If I select MMD as the filetype, I have the Convert to plain text: Paragraph spacing option, but I don’t want to output MMD. So this is where I am having trouble making sense of how to apply your guidelines.

I will look into the Pandoc option. Although for now, I have a very basic requirement for DOCX output … simply so my editor can work over the text copy and make comments, etc. I get the impression the effort needed to set up Pandoc might be excess to my requirements.

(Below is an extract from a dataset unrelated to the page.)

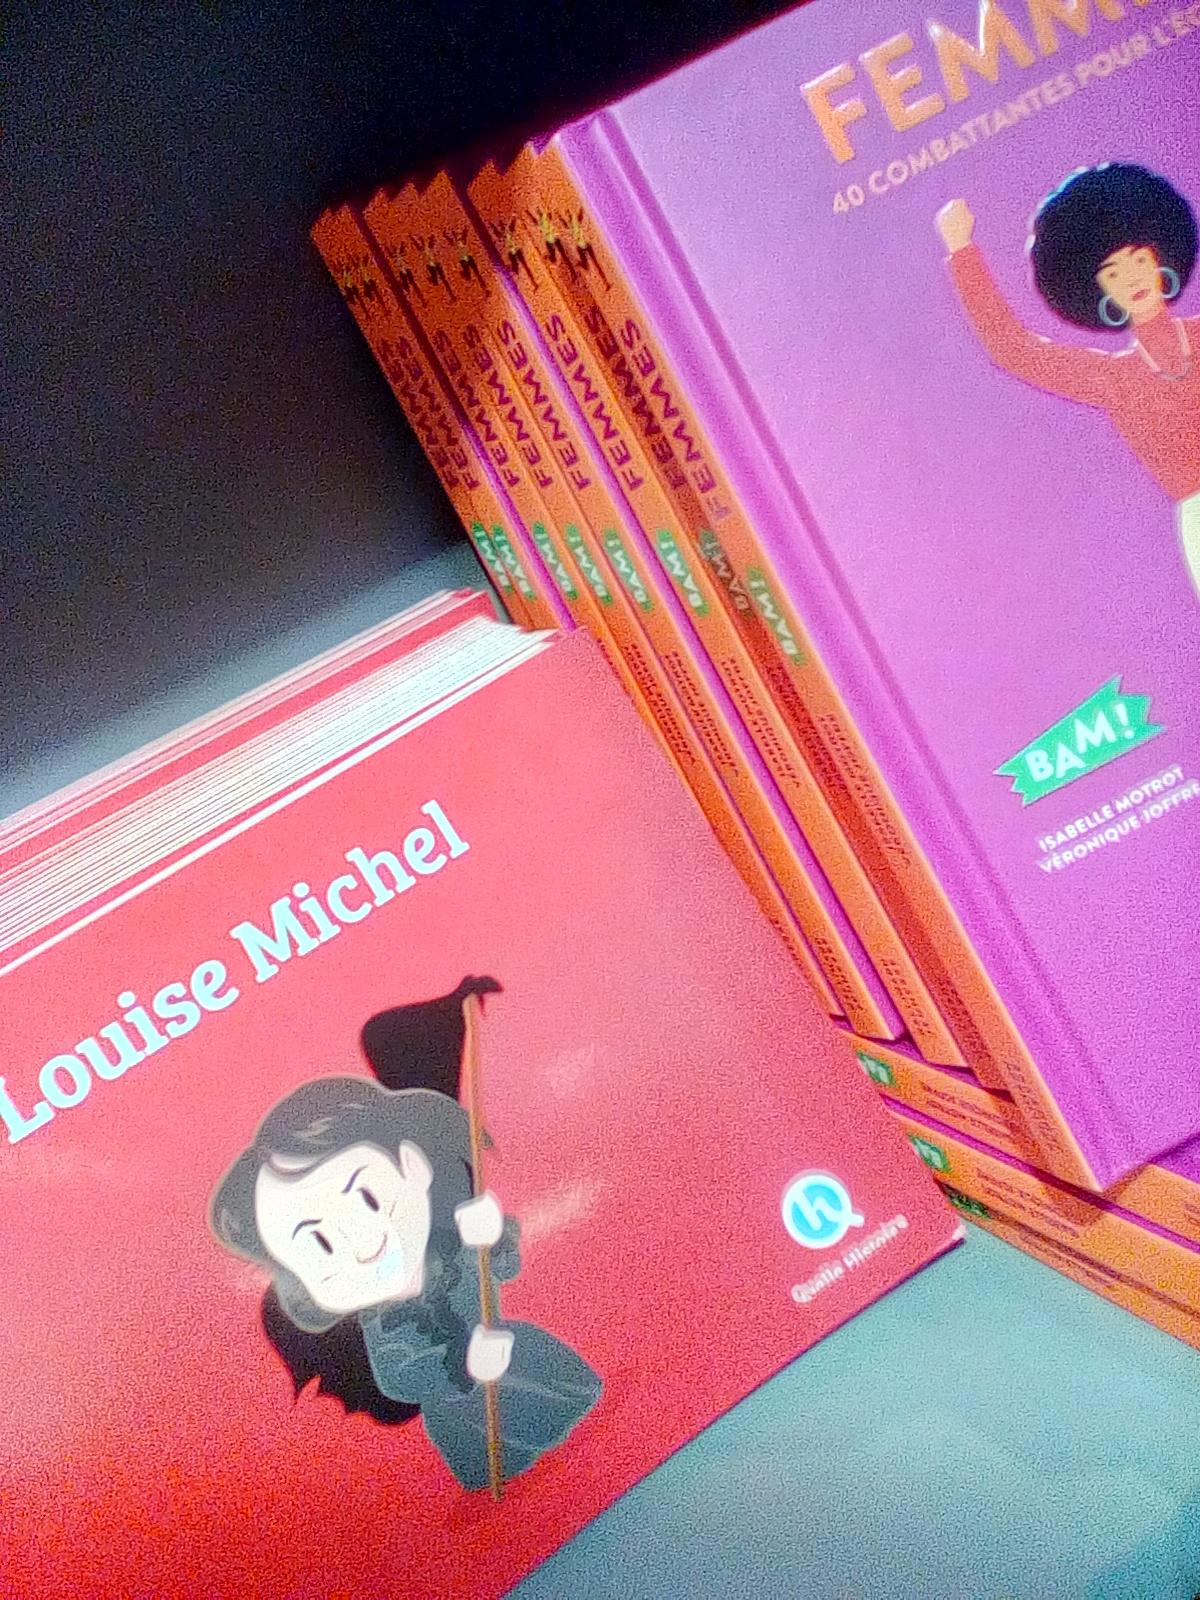 H αγαπημένη μου Λουίζ Μισέλ έγινε κόμικς,καρτούν,φιλμ χαρακτηρων,θέατρο κ.α

UPDATE: Installing Pandoc was easier than I was expecting. Looking over its options now.
UPDATE 2: The Pandoc output for MMD to DOCX is great. Perfect. Thanks for that suggestion.

Thanks.

AmberV · March 1, 2022, 10:35pm

Yeah, just to emphasise, the techniques here don’t really work if you are using the checkbox to convert MultiMarkdown content in the editor into one of Scrivener’s native file types, like its DOCX or PDF output. That checkbox assumes the content is already Markdown and not a hybrid between word processing and Markdown. Those file types don’t have plain-text whitespace transformation options because 99.9% of the time you really wouldn’t want that. If you want paragraph spacing in a DOCX, you add paragraph spacing as a formatting element to the text override, you wouldn’t want empty lines between paragraphs instead.

The only really good way of using some Markdown and some word processing conventions is to stick with a Markdown-based compile workflow, either through MMD or Pandoc. It’s a different way of working in that you aren’t using Scrivener to design the document at all. You’ll get a fairly stock looking “default Word” .docx from Pandoc. That’s something you do have control over though, through Pandoc, not Scrivener.

You can have it export a stylesheet template file, which you then open in Word and format how you want. You put that template file into the right place for Pandoc to see it, and it will use that for the default look. Basically:

Open terminal, and type in:
```
pandoc --version
```
This will print some information, the thing you are looking for is the path after “User data directory”. Copy the path completely, and use these commands to first create the path if necessary, and then change directories into it:
```
mkdir -p <PASTE PATH>
cd <PASTE PATH>
```
Type in the following command, which will create a fresh copy of the default DOCX stylesheet, into this folder:
```
pandoc -o reference.docx --print-default-data-file reference.docx
open .
```
The second command will open Pandoc’s data folder in Finder, and you should see the ‘reference.docx’ file in there.
Edit that file with Word, following the advice given in the previously linked to section of Pandoc’s documentation.

And that’s it. Now when you compile from Scrivener, it will come out looking like the sample formatting in that document.

You can also create your own document designs and use them per-compile, you aren’t stuck with one default look, but that’s perhaps getting a little out of scope for this.